Equitable Development of Southeast Asia

By Frank-Jürgen Richter

October 15, 2020

Southeast Asia is a study in contrasts, where regional economies are at various levels of economic development. On one end of the spectrum is a nation like Singapore – one of the richest in the world. On the other end, meanwhile, are countries such as Laos and Myanmar that are making noteworthy strides. However, they still have a steep uphill climb before their larger populations are associated with wealth and prosperity. Governments in Laos and Cambodia have initiated progressive policymaking initiatives, although decades of near stagnation will take time to reverse.

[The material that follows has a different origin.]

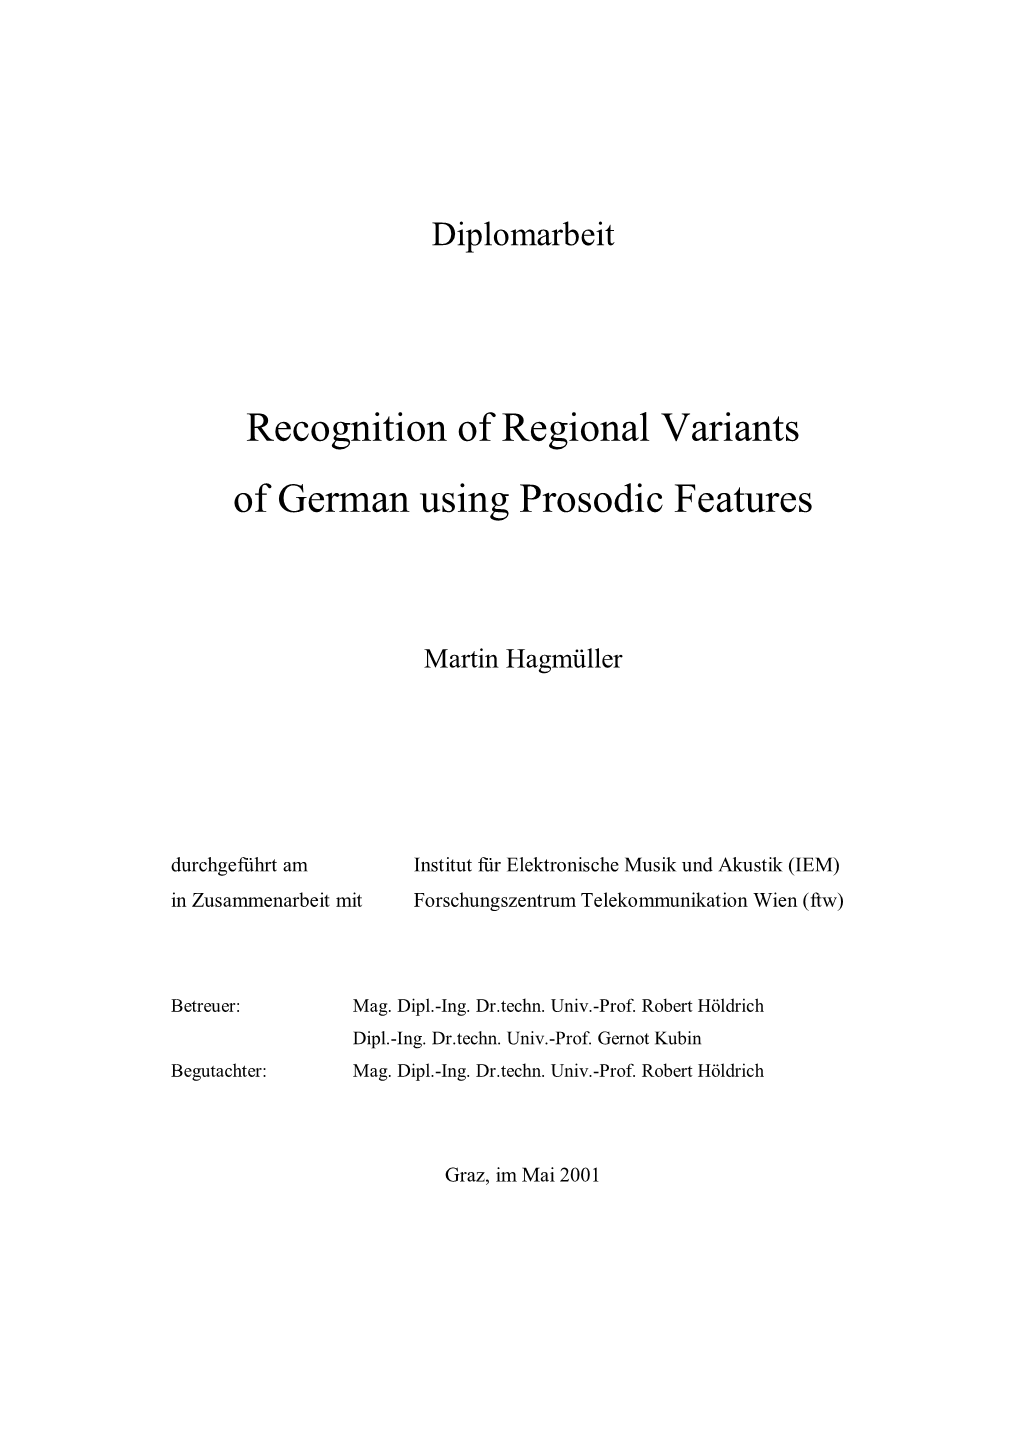 Recognition of Regional Variants of German Using Prosodic Features

Despite varying levels of development, even the less affluent nations are seeing rapid economic growth. The region has been one of the fastest growing in the world for a long time now. This has brought about sizeable increments in per capita income. However, these advancements have not been equitable to all sections of society. The many positive outcomes aside, there has also been a marked trend of increasing inequalities.

Development patterns such as these must be addressed. It is in keeping with this ideal that Horasis is convening the Horasis Asia Meeting on 30 November 2020. It is a virtual event that will be conducted on the innovative online conferencing platform Run the World.

Myanmar and Laos

In Myanmar’s case, it has done well in terms of its efforts in containing the pandemic. As of July 2020, the International Monetary Fund highlighted it had registered just about 300 fatalities, although this might also reflect lower testing rates. But the inequalities in development can be attributed to the fact that an estimated 80 percent of its workforce is employed in the informal economy. As such, the majority of the workforce is outside the purview of social security nets.

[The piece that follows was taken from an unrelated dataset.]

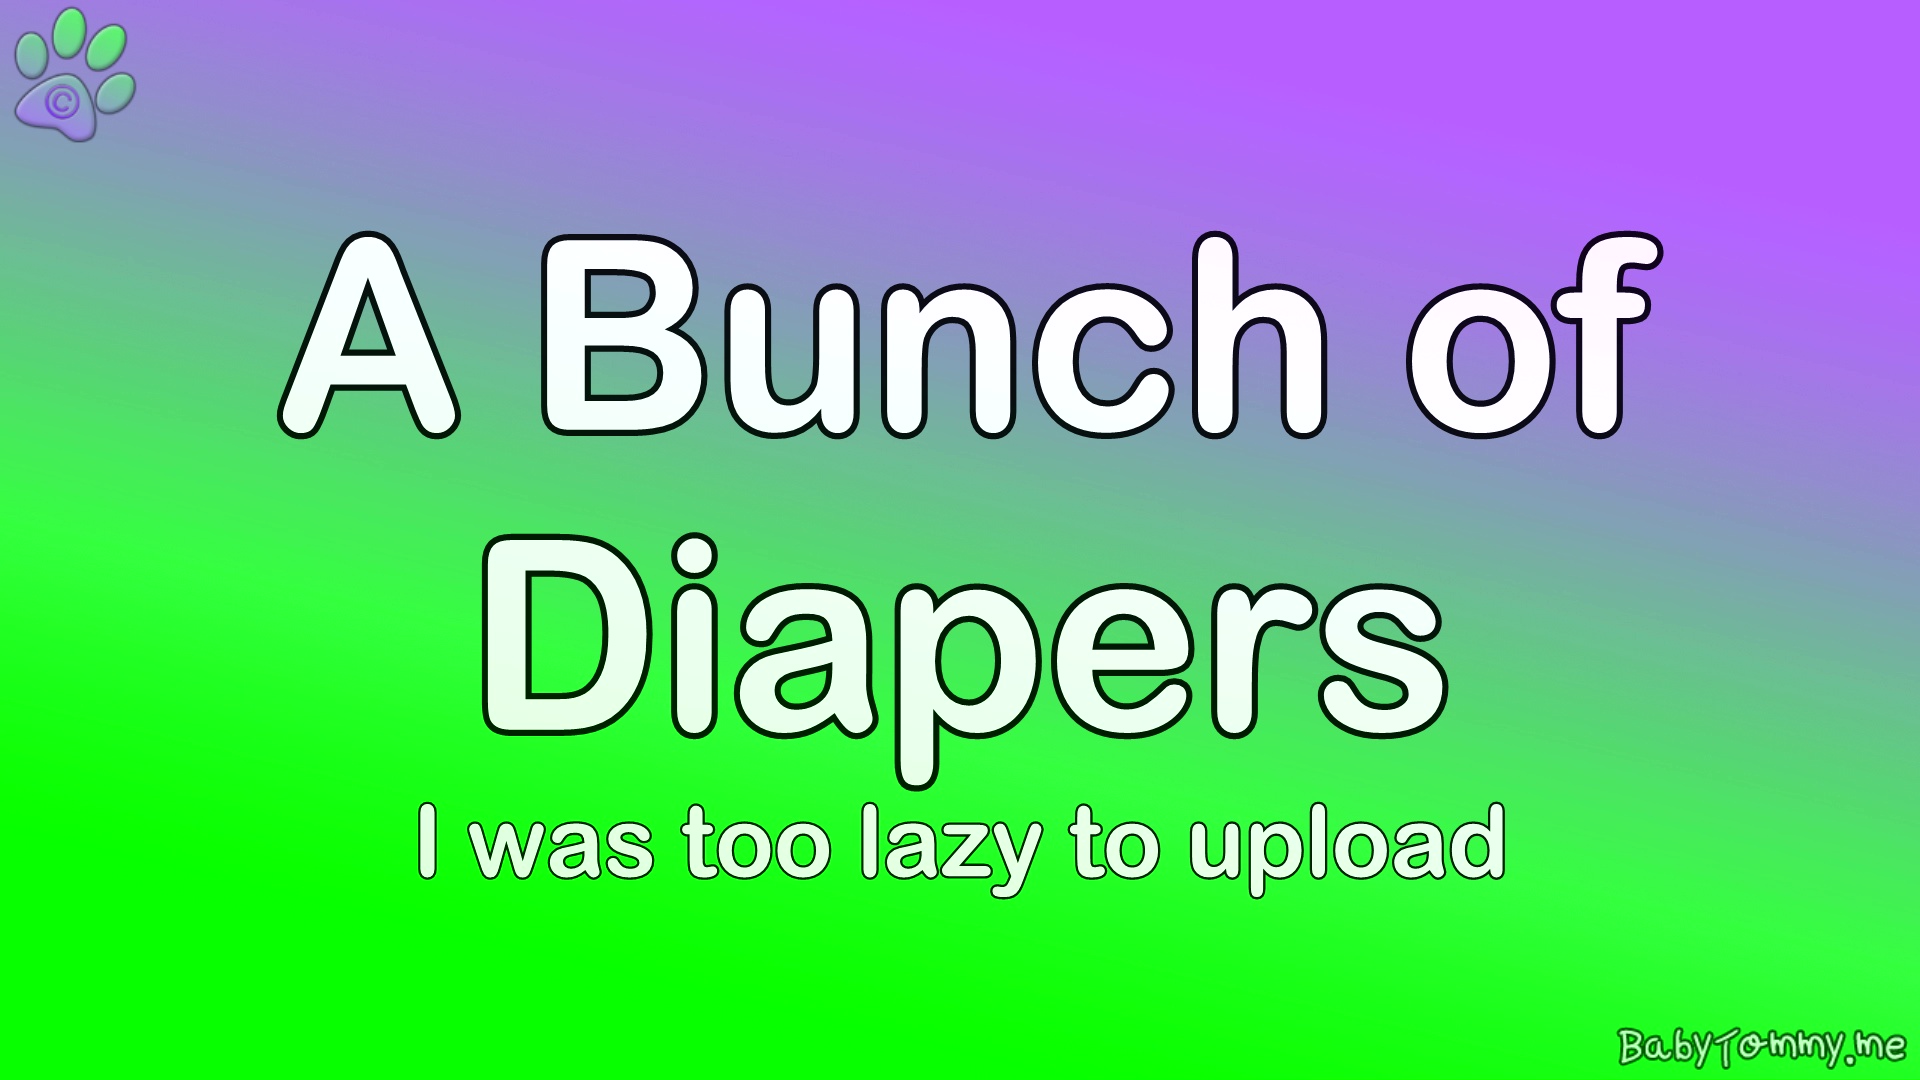 A Bunch of Diapers (That I was too lazy to edit before)

Laos, in recent years, has seen considerable uptick in its tourism sector. According to World Bank estimates, the travel and tourism sector contributes 11 percent of total employment. Furthermore, remittances also form a large share of Laos’ GDP. With the pandemic, however, a large share of remittance flows stopped and over 100,000 migrant workers returned to the country. In another grim outlook, between 96,000 and 214,000 residents are vulnerable to being faced with poverty on account of the pandemic-led slowdown and the associated job losses. Many years of advancements on equitable development have actually been reversed unfortunately.

Increasing inequality will have broader implications

The pandemic has resulted in a widening of the inequality gap. It will only exacerbate issues that the less affluent sections of society were already faced with. In the absence of prompt remedial measures, thousands of households are at grave risk of falling into abject poverty.

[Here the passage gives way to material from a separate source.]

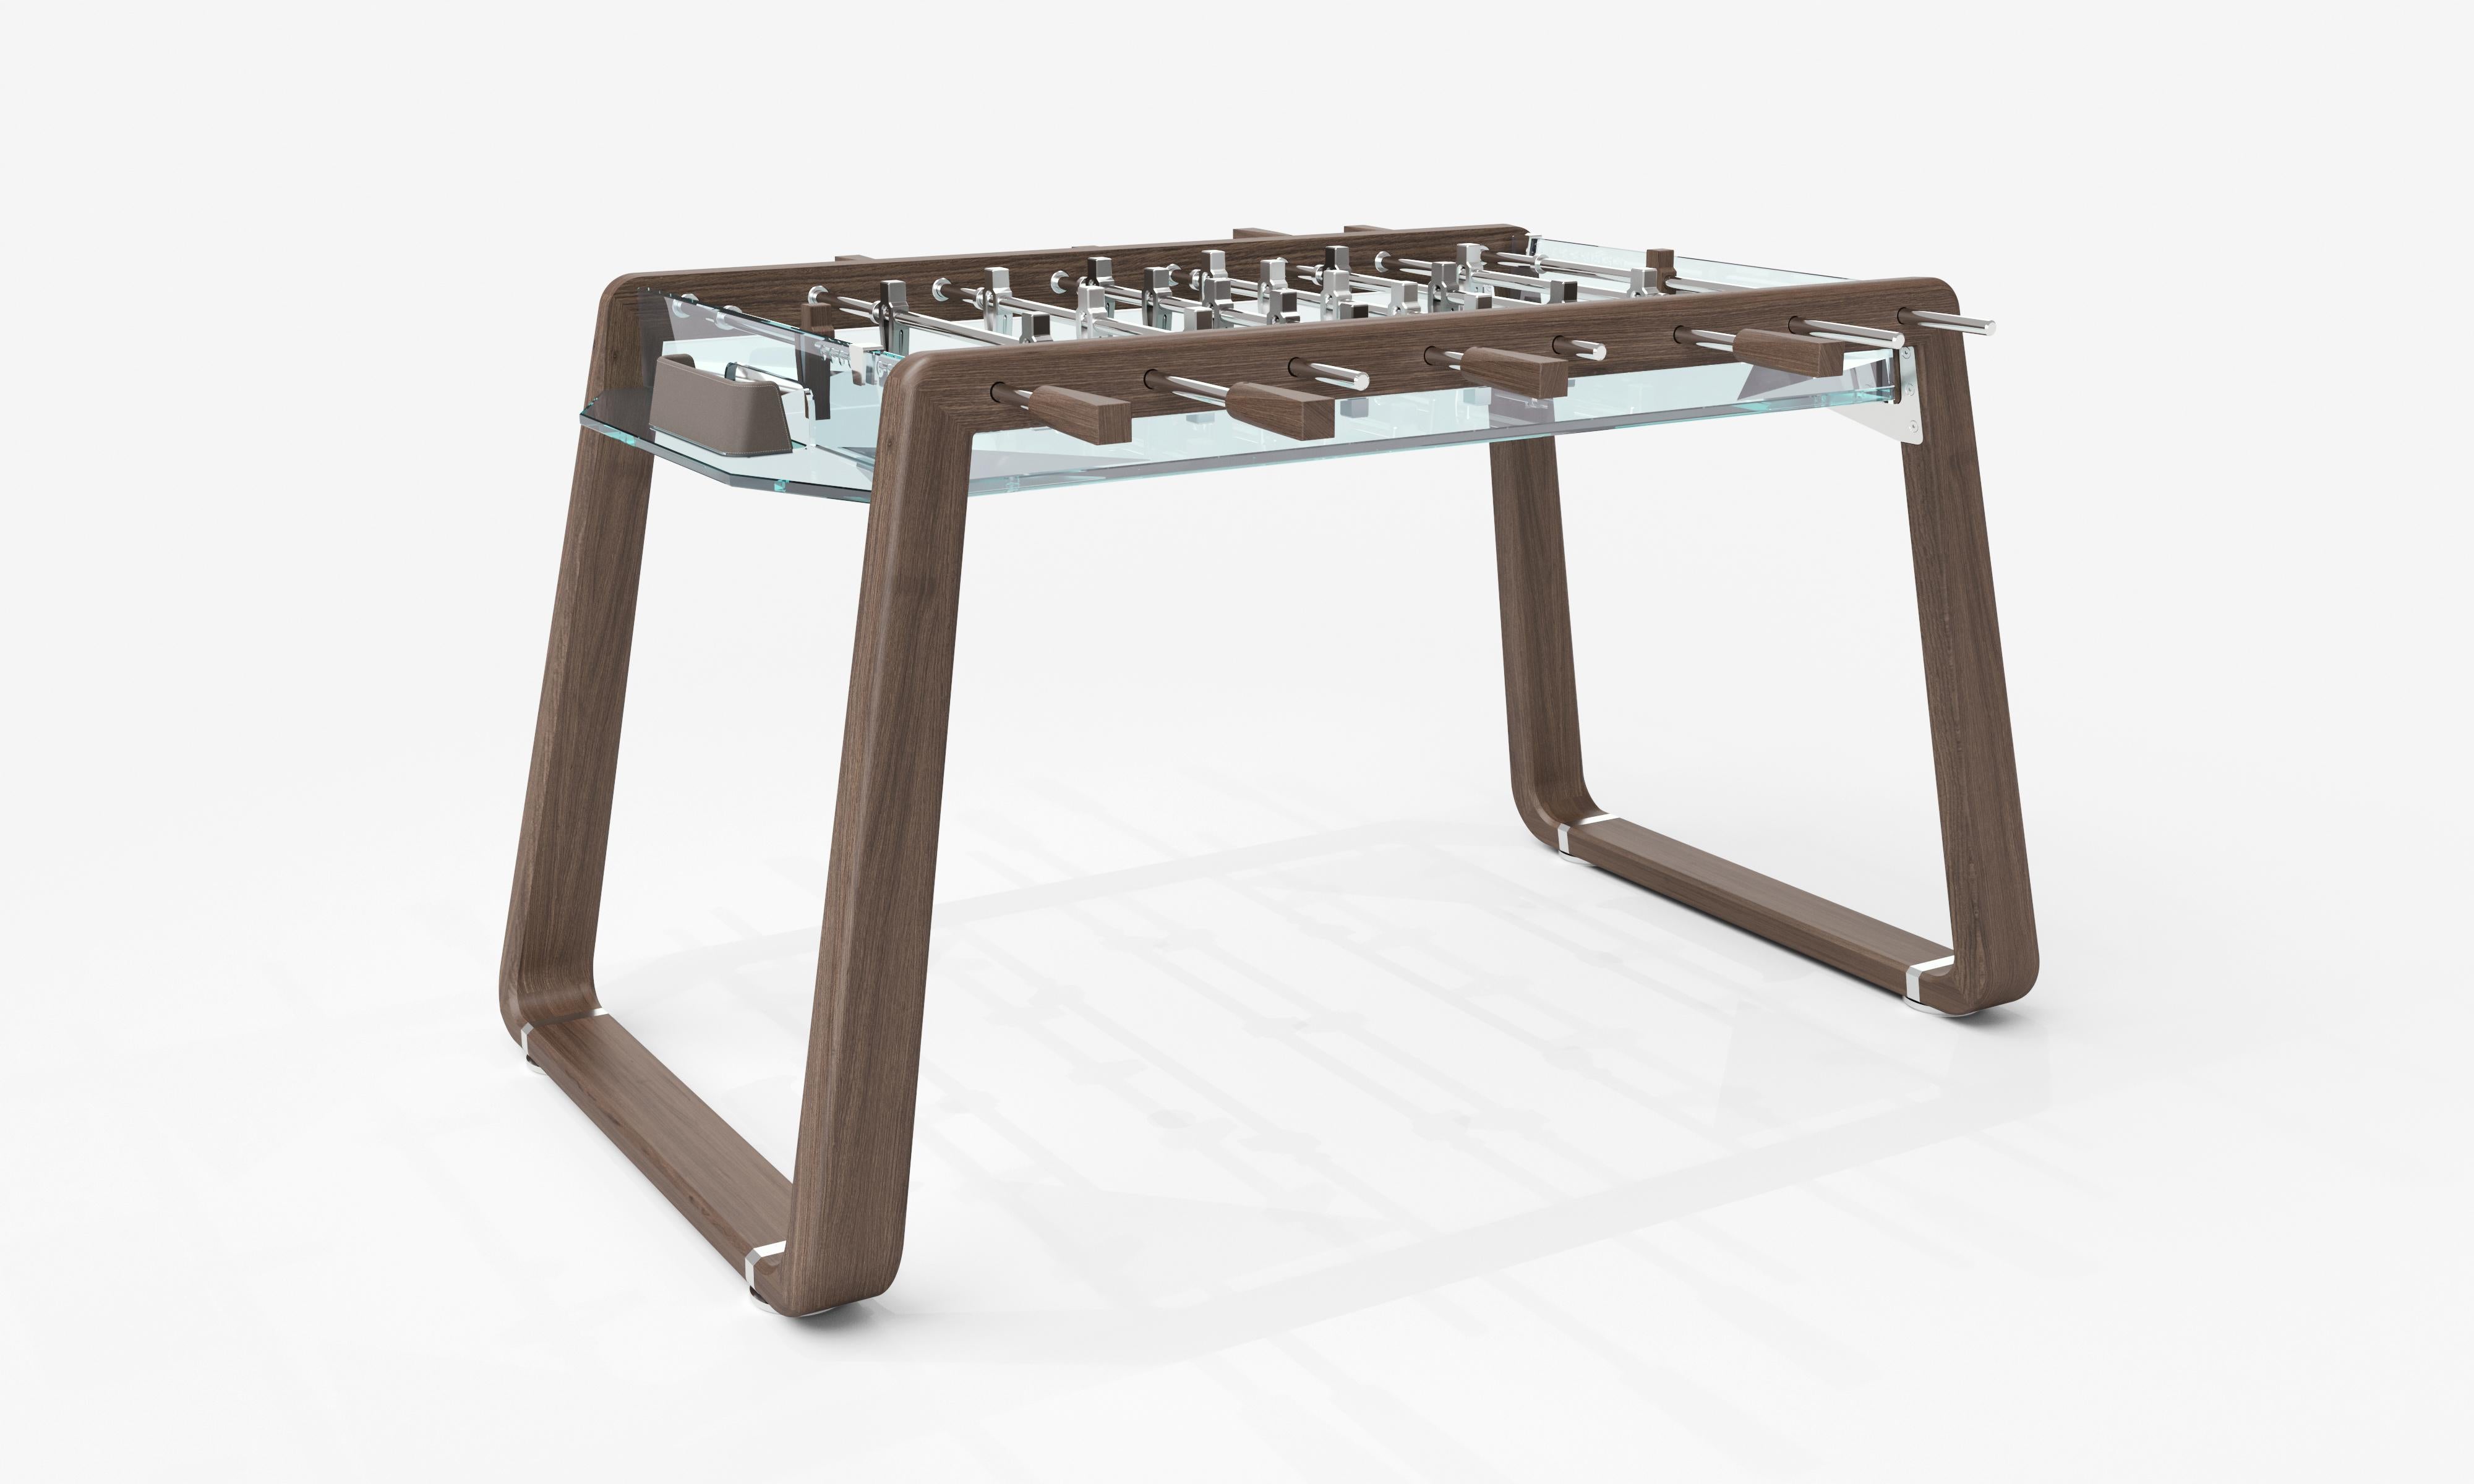 The Derby Wood is a visionary football table that pushes the boundaries of luxury design within the game table industry. Ambitiously reinterpreting the classics, this piece demonstrates the sophistication and ingenuity of Italian design and

This is deeply concerning because with increased inequality, the ripple effects of increased crime rates and inaccessibility to healthcare and education follow. Needless to say, this is akin to treading a downhill path – a trend that must be stopped quickly. The poor have had it worst and governments must ensure favorable policymaking that helps this section of the population.

Governments have taken cognizance

ASEAN, as an aggregate, is focused on trying to encourage equitable growth and governments are mindful of the need for economic development. In Singapore’s case, its early administrators were forward thinking. They were able to precisely plan almost every facet that would be instrumental in making it the prosperous nation it is today.

From public transit to its housing policy and from securing potable water supply to building a state-of-the-art airport, Singapore really prioritized on its key enablers. In addition, each of these visionary projects were backed by meticulous road maps, with strictly adhered to timelines. The outcome is there for all the world to see.

Where must the focus lie?

In much the same way, as one Southeast Asian nation has been able to ensure economic development, emerging regional economies can enact similar policies to accomplish equivalent results. One way to do it will be to focus on social infrastructure such as education and healthcare. These two spheres are key to supporting human development. It is no doubt a long-term approach but one that is a proven route to reducing inequality.

Vietnam is definitely treading the path to more equitable development. It is being increasingly seen as an attractive investment destination, especially its fast-growing manufacturing sector. Both government and private enterprise are leveraging on synergies and the outcome has been rapid economic growth.

The global community must come together

The pandemic has thrown a spanner in the works. A reverse of years of positive advancements made will no doubt take time to scale back to. While economic growth has been the foremost agenda for the bulk of Southeast Asian nations, COVID-19 has been a major thorn.

The challenge really is that many governments do not have enough to spend because of the pandemic and its associated surge in healthcare spending. Funds that had been budgeted for enabling tools are now required for COVID care. Southeast Asian governments need all the support they can receive from all stakeholders in the global community. In effect, there is no other credible solution than for a multilateral approach to assume center stage.